What is the most common monogenic cause of epilepsy? This is a question we often ask students and trainees who rotate with us in our Epilepsy Neurogenetics Clinic. This is not meant to be a trick question, and the answer we previously sought was based largely on published studies, estimates of population frequency of individual genetic epilepsies, and our own clinical experience. And we are sometimes surprised by how skewed such a view can be. Now, a new study by Symonds and colleagues answers the question of population-incidence of common genetic epilepsy syndromes through a prospective population-based cohort study in Scotland. This study provides important data on risk factors that are more likely to predict a genetic diagnosis in infants and young children with seizures and answers the question of which genetic epilepsy is most common. I was initially surprised, but really not surprised at all, by the answer.

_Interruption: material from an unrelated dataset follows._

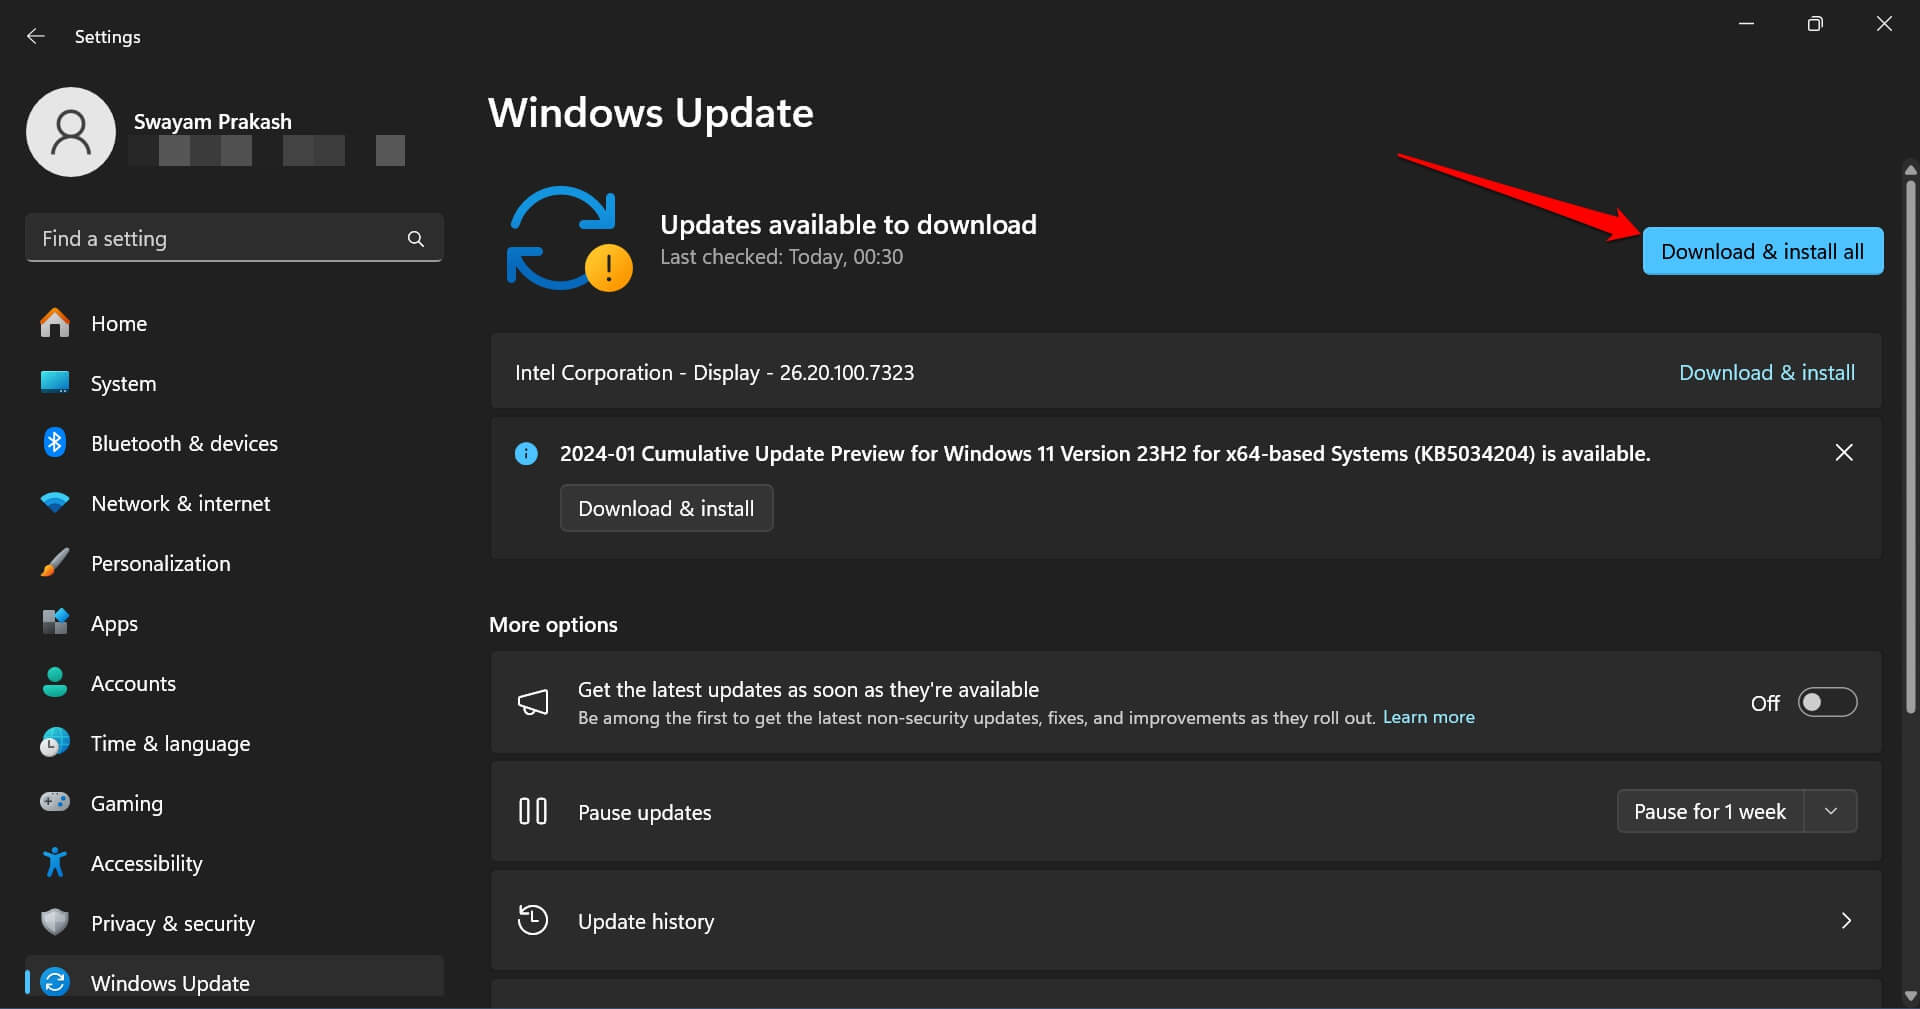 windows-11-update-available-to-download-1

The genetics of childhood epilepsy in Scotland. All genetic diagnoses in a population-based cohort of 333 patients presenting with seizures under 36 months collected over a three-year period. This chart provides the answer to the most common genetic epilepsy identified in this study. Incidence estimates are provided for individual genes, where such estimates were possible.
Study design. Over a three-year period, Symonds and colleagues enrolled children under 36 months of age from all pediatric departments and tertiary hospitals in Scotland who (1) received a new epilepsy diagnosis, (2) presented with febrile or afebrile status epilepticus, (3) presented with ≥2 febrile or afebrile seizures in less than 24 hours, or (4) presented with a second prolonged febrile seizure over any time period. This population-based approach is predicted to have captured nearly all children during the study period who presented with new-onset seizures. Altogether 343 children were enrolled, and genetic testing using a 104 gene epilepsy panel was performed on 333/343 of these children. The design of this study is unique, and few other studies capture entire populations to this degree of completeness.
Clinical presentations of infantile- and childhood-onset epilepsies. In this cohort, the factors that predicted a positive genetic diagnosis were (1) seizure onset before 6 months and (2) afebrile focal seizures as the presenting seizure type. Factors that made a genetic diagnosis less likely were seizure onset between 12-24 months and presenting with simple febrile seizures. The diagnostic yield among Developmental and Epileptic Encephalopathies was over 50%, emphasizing the role of genetic factors in this group. However, this was notably lower in West Syndrome, where only 3/27 (11%) children had a positive genetic diagnosis. These data are also interesting for what was not found. Not a single patient with Early-Onset Absence Epilepsy or Febrile Seizures Plus had a positive genetic finding.
So what is the most common genetic epilepsy? In this cohort, the answer is PRRT2-related epilepsies, with an incidence of 1:9970 live births. If you answered Dravet syndrome and SCN1A-related epilepsies, I would probably still give you full credit. This is always the answer we have looked for when posing this question previously, and SCN1A-related epilepsies are a close second, with an estimated incidence of 1:12,200 live births, which is notably more common than previous estimates. Given the overlapping 95% confidence intervals for both PRRT2 and SCN1A, it is actually not possible to determine from these data which is truly more common. However, this study confirms that genetic epilepsies of childhood collectively are very common, with an estimated collective incidence of 1 per 2000 live births. Interestingly, this study verifies what other recent non-population-based studies have told us regarding the utility of genetic testing in the epilepsies, particularly the diagnostic yield of 24% (80/333). Additionally, 84% of genetic diagnoses were in the top 10 most common genes, consistent with the study by Lindy and collaborators, who similarly found that 80% of pathogenic variants are found in the top 13 genes. Taken together, childhood epilepsies have a strong genetic burden, and the causative genes are known suspects.
Limitations. This is a relatively small sample size of 343 children from Scotland, so the extent to which these findings are generalizable to other populations remains to be seen. However, many of the most common genetic epilepsies are the result of de novo variants, suggesting that these are not population-specific findings. By only including children under the age of 36 months, this study likely underestimates the incidence of genetic epilepsies that are associated with later seizure onset or no seizures at all, including DEPDC5, SCN2A, and STXBP1. Finally, the authors excluded children with a presumed symptomatic etiology, such as hypoxic ischemic injury, infections, metabolic conditions, and perinatal stroke, which may underestimate genetic factors associated with these conditions.
What you need to know. The study by Symonds and collaborators provides prospective population-based data regarding genetic epilepsies beginning in early childhood. Genetic epilepsies beginning in the first three years of life are common, with an estimated incidence of 1 per 2000 live births. The most common genetic causes of childhood-onset epilepsies are pathogenic variants in PRRT2, SCN1A, KCNQ2, and SLC2A1. Factors that predict a positive genetic diagnosis are seizure onset in the first 6 months of life and afebrile focal seizures as the presenting seizure type. The estimated diagnostic yield in children with seizure onset before 3 years is approximately 25%, and over 80% of genetic diagnoses are accounted for by the 10 most common genes, advocating for a more targeted approach to genetic testing in this population.